Comparative Example 4 Polymerization was carried out under the same conditions except that propylene was used instead of n-heptane as the chain transfer agent in the above Production Method 1 (Production Method 2) to prepare an ethylene-based polymer, and the same measurement was performed. The results are shown in Table 1.

Evaluation results As is clear from Table 1, in Examples 1 to 11, the polymers of the present invention have superior fracture resistance to ethylene homopolymer (Comparative Example 1) at low temperature and high temperature, and are particularly excellent in high temperature region. It means that.

On the other hand, in Comparative Examples 2 and 3, when the aromatic compound content was outside the range of the present invention, no improvement effect was observed.

Further, in Comparative Example 4, when the crystallinity was out of the range of the present invention, the similar improving effect was not observed.

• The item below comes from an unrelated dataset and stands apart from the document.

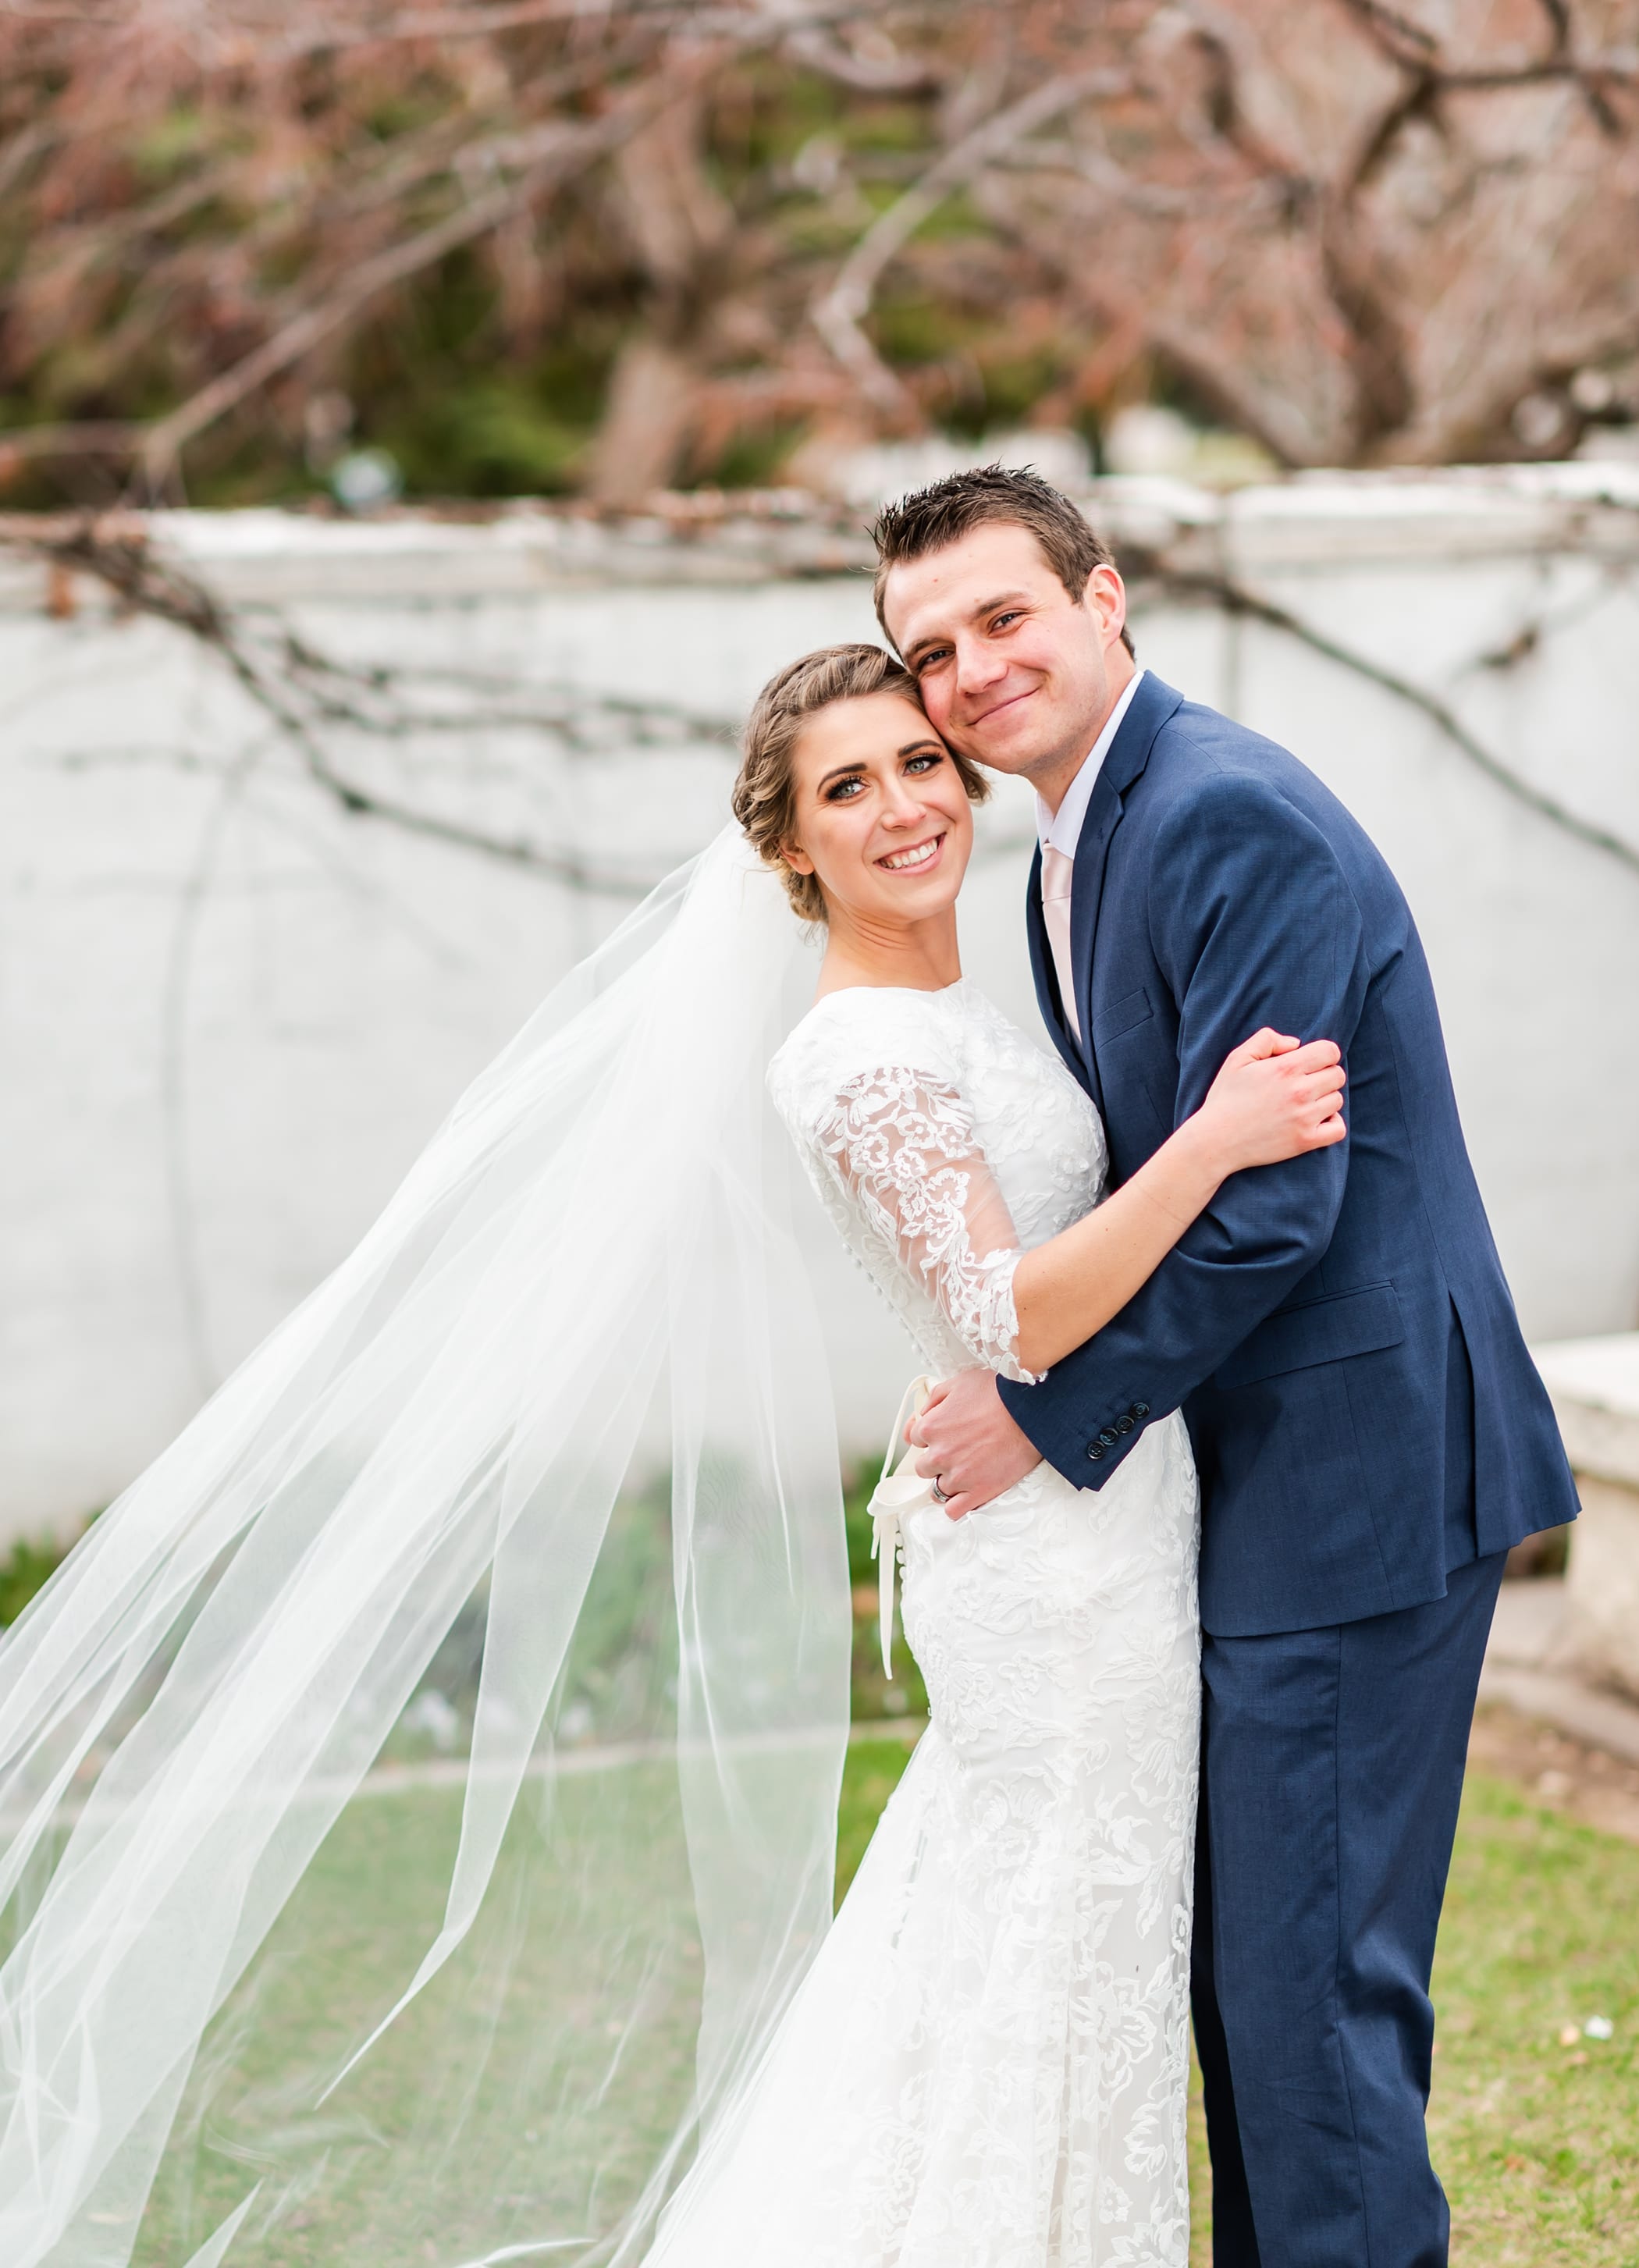 Classic wedding portrait with lace three quarter length sleeves and long veil with navy suit

[Brief description of drawings]

FIG. 1 is a schematic side view showing a McKeon electrode for impulse breakdown test in the present invention. 1 ... Stainless steel ball 2 ... Sample 3 ... Epoxy resin 4 ... Polymethyl methacrylate substrate

 ─────────────────────────────────────────────────── ─── Continuation of the front page (72) Inventor Shigenobu Kawakami 1-15-10 Hachiman, Ichikawa City, Chiba (56) References JP-A-58-11511 (JP, A)

Claims (2)

[Claims] 1. A high-pressure radical polymer containing 0.005 to 1 mol of a unit having an aromatic ring in 100 mol of ethylene units in a polymer chain and having a crystallinity of 30% or more by X-ray diffraction. An electrically insulating material made of an ethylene polymer obtained by a legal method. 2. The electrical insulating material according to claim 1, wherein the ethylene polymer contains another monomer.